A =LOAD ‘input’ as (emp_name: charrarray, emp_id: long, emp_add : chararray, phone : chararray, preferences : map []);
B = foreach A generate emp_name, emp_id;

Filters:
It contains a predicate and it provides us to select which records will be retained in our data pipeline permanently.

Syntax: alias = FILTER alias BY expression;
Otherwise it indicates the name of the relation, By indicates required keyword and the expression containing Boolean.
Example: M = FILTER N BY F5 == 4;

Grouping:
The GROUP operator is used to group the data in one or more relations. It collects the data having the same key.

grunt> Group_bySingleColumn = GROUP Relation_name BY col1;
grunt> Group_byMultiColumn = GROUP Relation_name BY col1, col2;
grunt> Group_byAllColumn = GROUP Relation_name BY All;

Co-Grouping:
The COGROUP operator works more or less in the same way as the GROUP operator.
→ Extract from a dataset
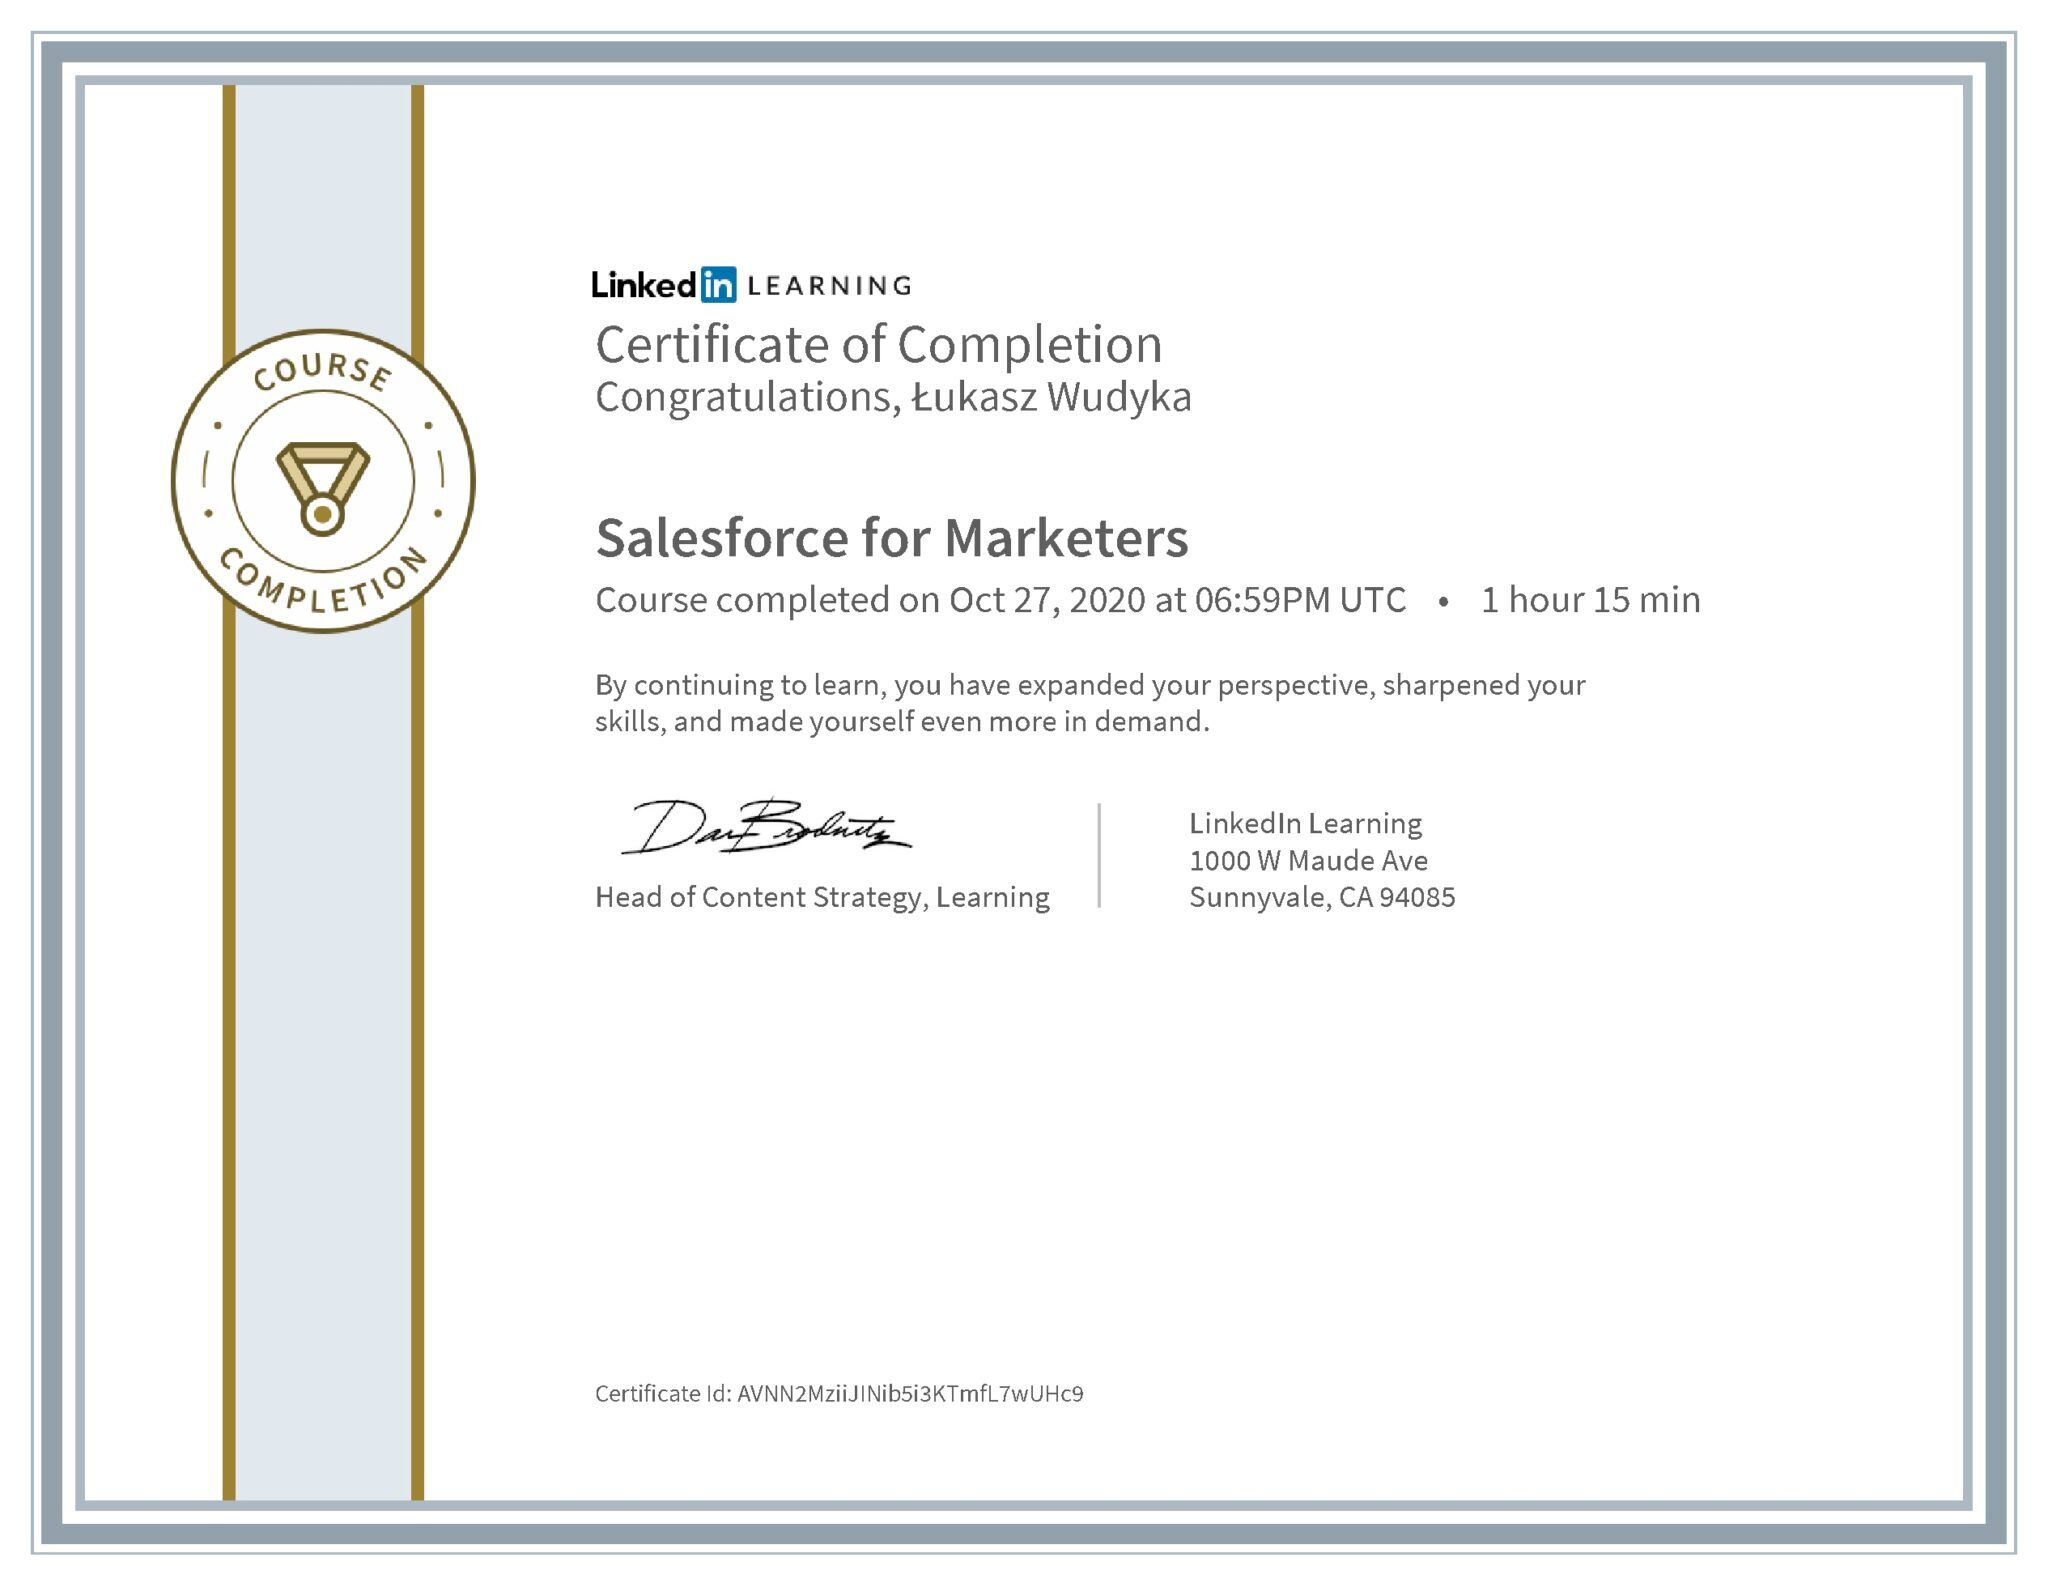 Łukasz Wudyka certyfikat LinkedIn Salesforce for Marketers

The only difference between the two operators is that the group operator is normally used with one relation, while the cogroup operator is used in statements involving two or more relations.
Exp: suppose we have 2 files data(having same schema/columns) and loaded into 2 different relation and if we want to group the both file data based on same column , we can use co-group operator.

grunt> cogroup_data = COGROUP student_details by age, employee_details by age;

Joins:
The JOIN operator is used to combine records from two or more relations. While performing a join operation, we declare one (or a group of) tuple(s) from each relation, as keys. When these keys match, the two particular tuples are matched, else the records are dropped. Joins can be of the following types
        Self Join: When both relation is from same file.This join is called self join.
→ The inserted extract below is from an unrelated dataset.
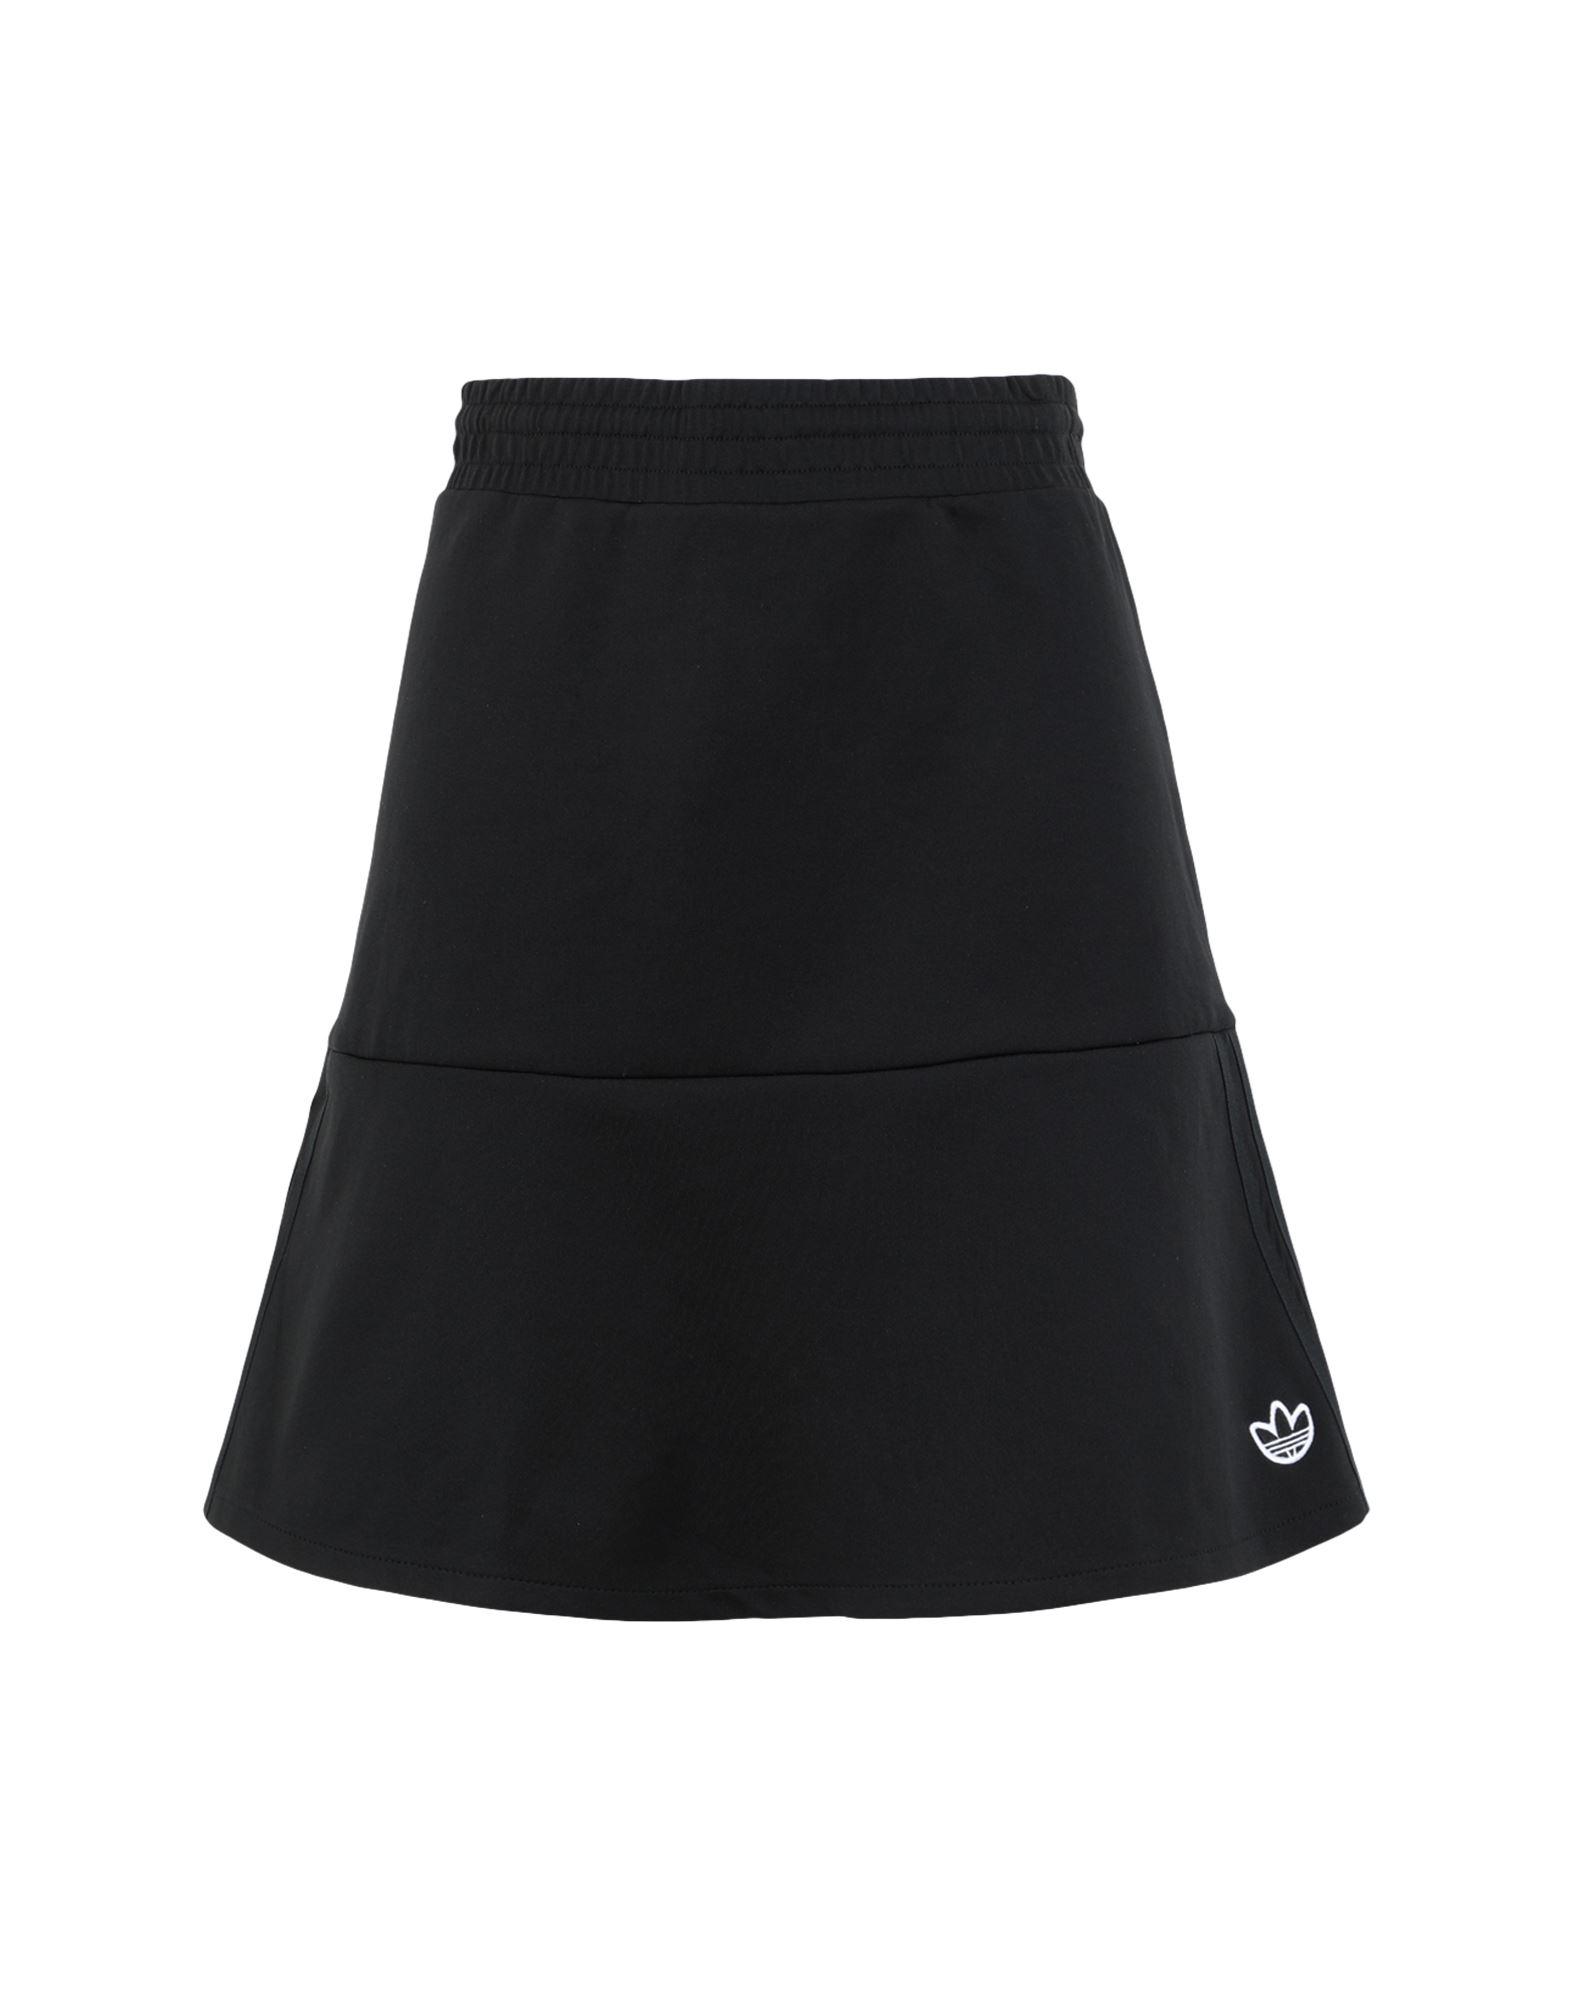 adidas Originals Mini Skirt in Black | Lyst

grunt> Rel_Name3 = Join RelName1 by col1, RelName2 by col2;

     InnerJoin: Inner Join is used quite frequently; it is also referred to as equijoin. An inner join returns rows when there is a match in both tables

grunt> Rel_Name3 = Join RelName1 by RN1col, RelName2 by RN2col;

     Outer Join: Unlike inner join, outer join returns all the rows from at least one of the relations. An outer join operation is carried out in three ways.
        Left Outer Join:The left outer Join operation returns all rows from the left table, even if there are no matches in the right relation.

grunt> Relation3_name = JOIN Relation1_name BY RN1col LEFT OUTER, Relation2_name BY RN2col;

        Right Outer Join:The right outer join operation returns all rows from the right table, even if there are no matches in the left table

grunt> Relation3_name = JOIN Relation1_name BY RN1col RIGHT, Relation2_name BY RN2col;

        Full Outer Join:The full outer join operation returns rows when there is a match in one of the relations.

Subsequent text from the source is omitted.